Power assist robot
Upper limb assist
The Upper-limb power-assist exoskeleton robot has been developing in order to assist daily activities of physically weak persons such as elderly, disabled, or injured persons. The robot assists the motion of the user based on the user's EMG signals. Tremor suppression methods are also studied.
Lower limb assist
The Lower-limb power-assist exoskeleton robot has been developing in order to assist daily activities of physically weak persons such as elderly, disabled, or injured persons. The robot assists the motion of the user based on the user's EMG signals. Perception-assist is also studied as well as power-assist.
If cognitive functions such as eyesight and hearing deteriorate, there is a risk of encountering an accident due to oversight of danger. Therefore, in our laboratory, we are conducting research on "Perception assist" in which the robot corrects the wearer's movements when dangerous or inappropriate movements are performed.
Upper limb perception assist
The upper limb exoskeleton robot uses an angle sensor, a stereo camera, and an ultrasonic sensor to detect the movement of the wearer, the surrounding environment, and the distance to the object. By determining the wearer's task based on this information and setting a virtual tunnel according to the task, if the wearer's hand is heading in an unintended direction, motion correction is performed and the target is reached. Guide the wearer's hands.
Lower limb perception assist
In perception assist using the lower limb exoskeleton robot, the wearer's movements and the surrounding environment are detected based on the information from the distance measuring sensor and the angle sensor. Then, when a dangerous operation such as stumbling on an obstacle or failing to sit on the chair is detected, the movement of the wearer is corrected to avoid the danger. In addition, in relation to fall prevention by cognitive assistance, we are also conducting research to reproduce falls by applying perturbations to the wearer using a lower limb exoskeleton robot and elucidate the mechanism of falls.

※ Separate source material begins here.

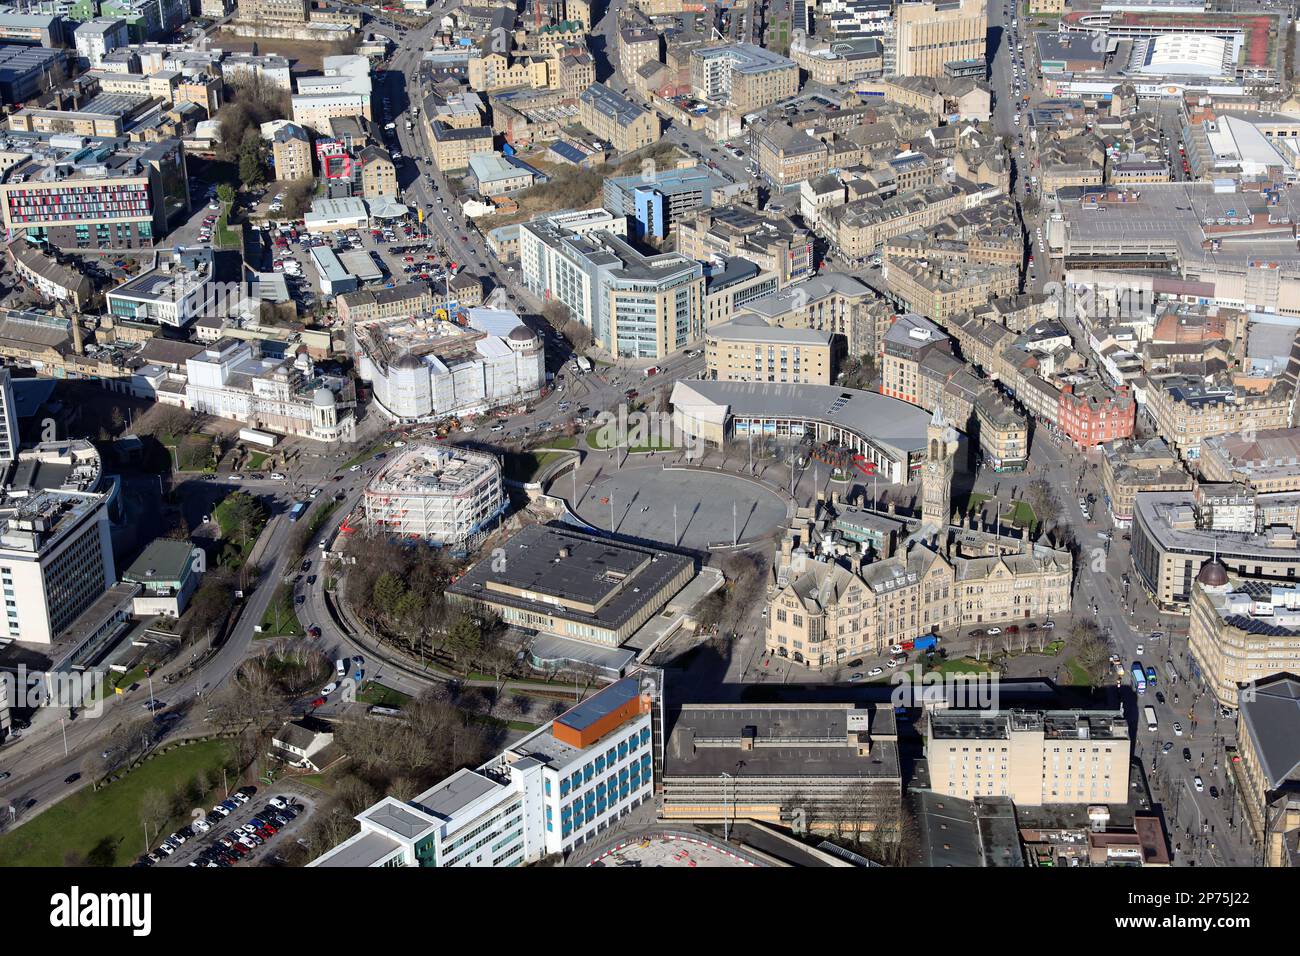 Luftaufnahme des Stadtzentrums von Bradford von Süden. Prominente Gebäude: Hundertjähriger Platz, Rathaus, Magistrates Court, Stadtbibliothek und Alhambra-Theater Stockfoto

Perception assist using vibration stimulation
We are conducting basic research to elucidate the degree of influence on each joint movement by applying the motion illusion and tonic vibration reflex (TVR) generated by applying vibration stimulation to muscle tendons to each joint movement. In the future, we are aiming to apply it to various fields such as perception assist, rehabilitation, and tremor suppression.
Tremor is a rhythmic and oscillating involuntary movement between antagonistic muscles that function complementarily, and is known as unintended trembling. In our laboratory, we are studying a tremor suppression method that generates anti-phase motion of tremor by using tonic vibration reflex (TVR) by mechanical vibration stimulation.
The majority of stroke patients suffer from the sequelae of paralysis of the upper and lower limbs. In our laboratory, we are investigating the feasibility of a method using mechanical vibration stimulation as one of the rehabilitation methods.
Rehabilitation using mechanical vibration
Rehabilitation is performed by using the phenomena of "motor illusion" and "tonic vibration reflex (TVR)" caused by vibration stimulation to generate the movement sensation and actual movement of the paralyzed limbs of a stroke patient. We are conducting basic research to do so.
Micro surgical robot
In recent years, surgical robots have been developed to support doctors' surgery. The conventional surgical robot has a demerit that there is no force feedback from the slave hand and the user has to operate by relying only on the image. In order to solve this problem, our laboratory is researching a method for feeding back the force applied to the slave hand to the master hand operated by a person.
Robot artificial limb
We are developing an intelligent robot artificial limb. By driving a robot hand that anatomically imitates the fingers of the human body using the myoelectric potential of the forearm and the myoelectric potential of the defective muscle estimated by machine learning as command values, it has flexibility and versatility close to that of the human hand.